Part of the Deep Dive: Data Governance Webinar Series
This talk will build on ongoing work by the Centre for Internet and Society of the CNRS and the Open Knowledge Foundation on the topic of sustainable data commons.
On the one hand, machine-reuse of openly licensed works and public domain works is crucial for AI model development, and has been used to create fully open training datasets like Common Corpus and Common Pile. On the other hand, open source AI also relies on web crawl data as well as mixed datasets, where complete openness of such training datasets may not be feasible or legally possible. Further, with growing use of generative AI (including open source GenAI models), rightsholders and data stewards are articulating new desires for attribution, reciprocity and sustainability when it comes to data reuse.
How must all this be factored into open source AI, without inadvertently enabling openwashing? In my talk, I draw from a recently published report, to present new licensing initiatives for training data that hold useful insights on data governance of open source AI.
Video transcript
Presenter: Ramya Chandrasekhar, Legal Researcher at the Center for Internet and Society (CNRS, Paris)
The Challenge
Foundation AI models are data-intensive, requiring large quantities of diverse data (text, image, audio, video) from the open web. Common Crawl, a free repository of web data, is a primary source for training datasets used by organizations like EleutherAI, the Allen Institute for AI, and OpenAI.
This creates two tensions:
- Data Availability: By 2028, the entire indexed web may be exhausted for AI training, raising questions about sustainable access to high-quality data.
- Creator Rights: Data from the open web is created by individuals and communities who have expectations about how their work should be used, expressed through copyright, moral frameworks, and social contracts.
Limitations of Existing Licenses
Traditional permissive licenses (CC-BY, Apache, BSD) and copyleft licenses (CC-ShareAlike, GPL, AGPL) face challenges when applied to AI training data:
- Attribution: Unclear how attribution requirements transfer through the AI training lifecycle
- ShareAlike: No legal certainty on how copyleft obligations apply from training data to model outputs
- Sustainability: Public domain content (like Wikipedia) faces infrastructure strain from bot access
- Enforcement: Resource-intensive for individual creators to track violations
Emerging License Categories
1. Responsible AI Licenses
RAIL and OpenRAIL Licenses
- Preserve open-source transparency while addressing AI-specific harms
- Include behavioral use restrictions (e.g., prohibiting military use, discriminatory applications, hate speech)
- Require downstream transmission of restrictions
Montreal License
- Creates granular taxonomy for data use in AI/ML contexts
- Distinguishes between:
- Standalone data rights: access, tagging, distribution, re-representation
- AI-specific rights: benchmarking, research, internal use, output commercialization, model commercialization
New Open Data Commons License
- Addresses “mixed datasets” containing both personal and non-personal data
- Compulsory elements:
- Privacy pledge (GDPR compliance)
- Right to erasure commitments
- Optional elements:
- Confidentiality and scope restrictions
- Financial contributions for dataset maintenance
2. Alternative Approaches
AI2 Impact License (Allen Institute for AI)
- Risk-based framework: datasets classified as high, medium, or low risk
- Requires derivative impact reports documenting new uses
- Public registry of license violators
- Note: Initially applied to Dolma dataset but later switched to more permissive ODBL license due to community pushback
Noitu Bodo License (University of Pretoria)

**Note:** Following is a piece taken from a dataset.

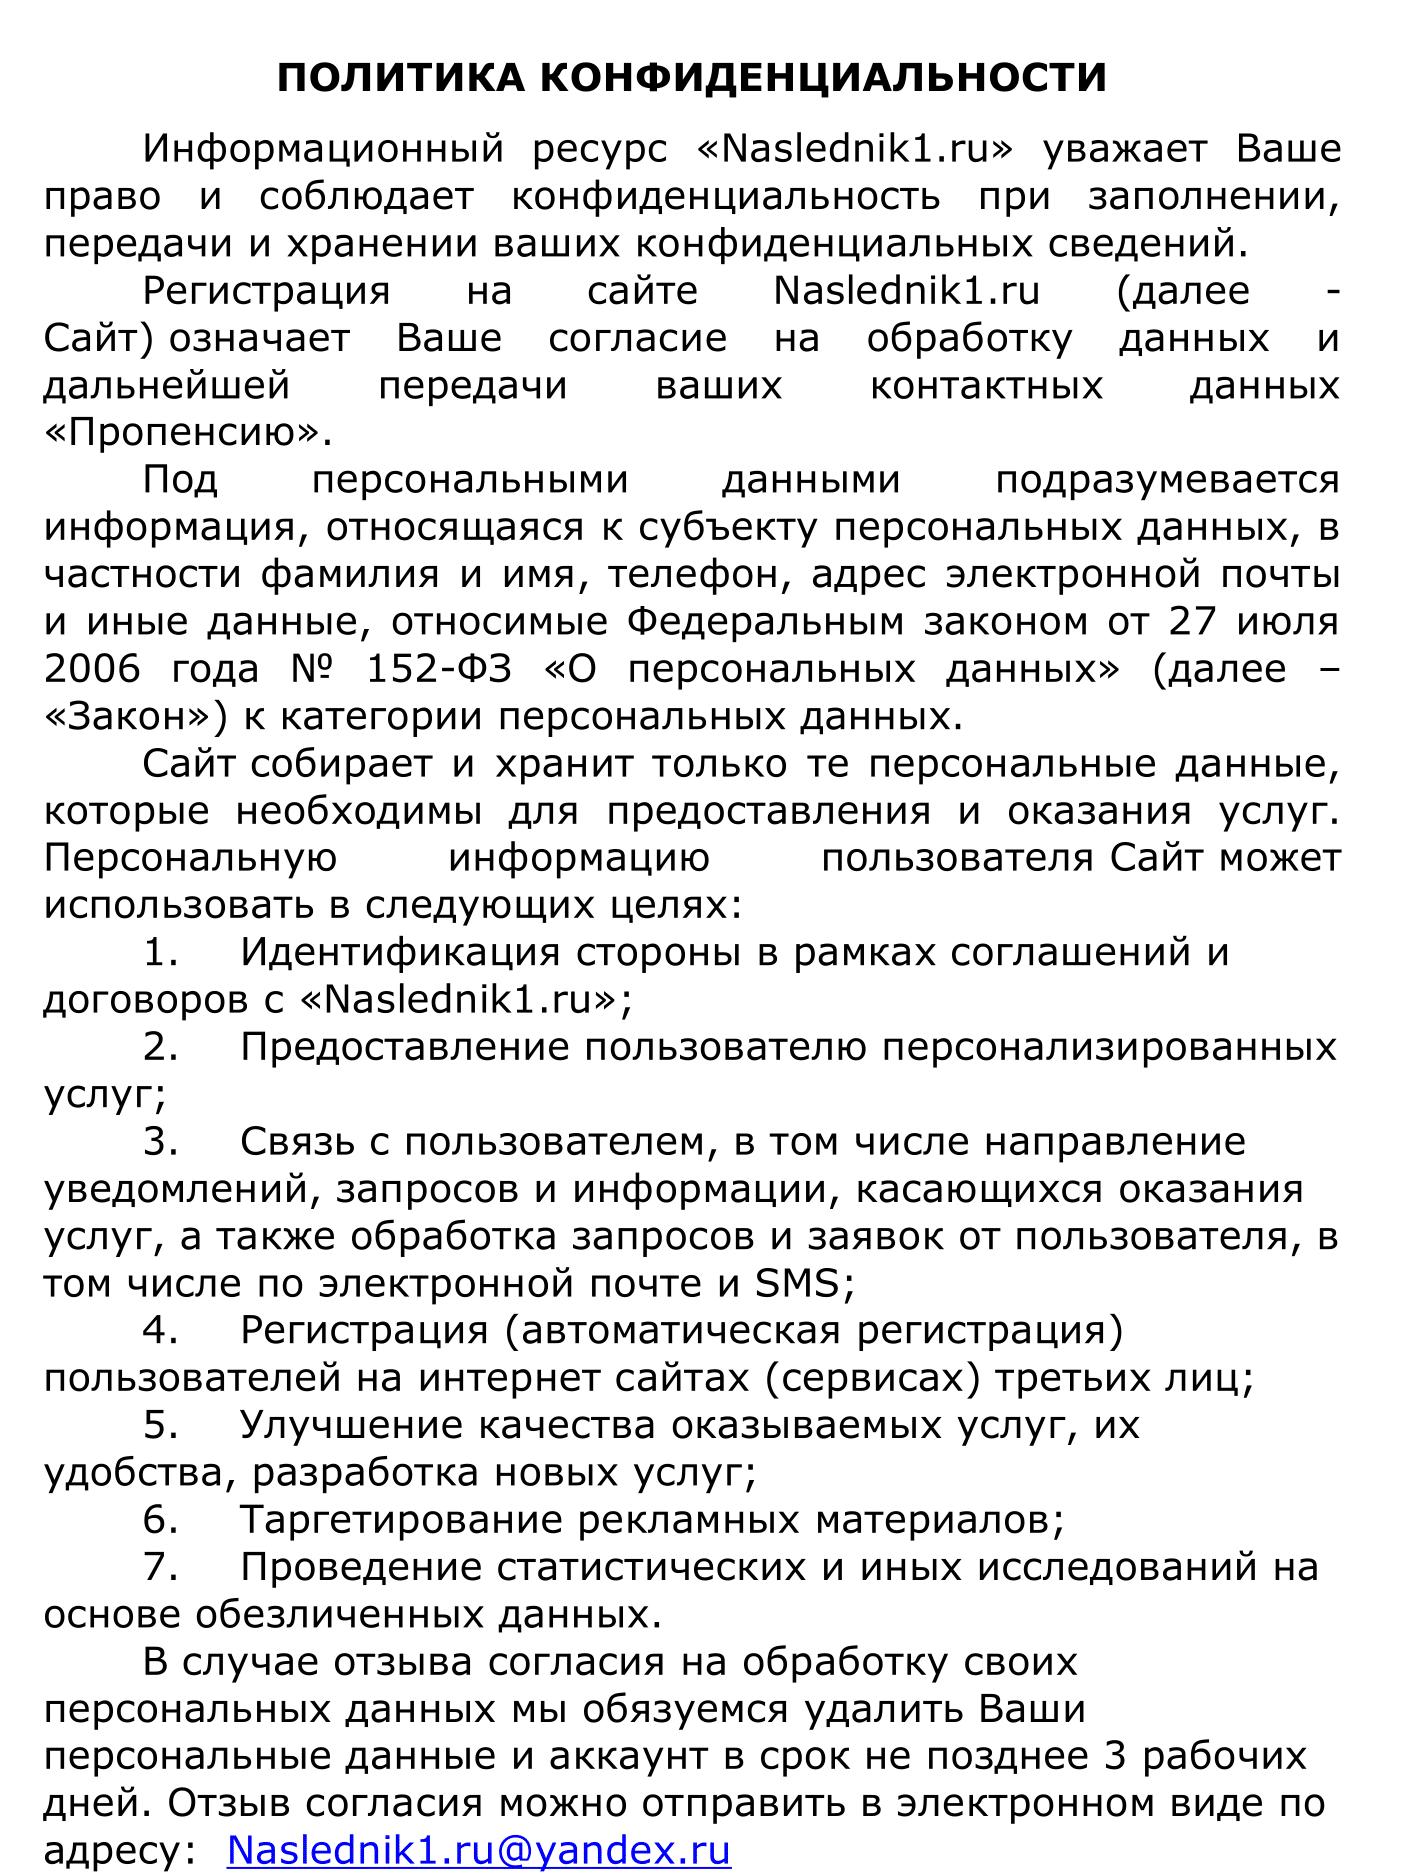 Политика конфиденциальности Naslednik1.ru

- Created for African language datasets
- Tiered copyleft addressing equity gaps:
- Developing country licensees: Standard sharealike, royalty-free access, commercial use allowed outside Africa
- Global North licensees: Stronger sharealike obligations, must provide benefits (financial compensation, partnerships, know-how sharing)
Key Insights
These new licenses:
- Draw inspiration from existing open-source architecture and inverse copyright logic
- Recognize limitations of traditional licenses in the AI context
- Provide additional granular options for licensors
- Address unique challenges: privacy risks, extraction problems, power asymmetries
Three Dimensions of Data Openness
- Technical Openness: Vibrant digital public domain and permissive licensing
- Community Data Sovereignty: Respecting desires of communities who create and steward datasets
- Limits on Extractivism: Restricting well-resourced actors from dominating AI development
Conclusion
License proliferation, while creating compatibility and enforceability challenges, can be productive. It helps articulate reciprocity, attribution, and sustainability concerns from different communities. A one-size-fits-all approach may not work for all training datasets—instead, different licensing options can work together depending on the dataset type, community stakeholders, and intended use.
Friction can be productive and necessary to ensure the open web remains available for AI training while ensuring responsible data reuse.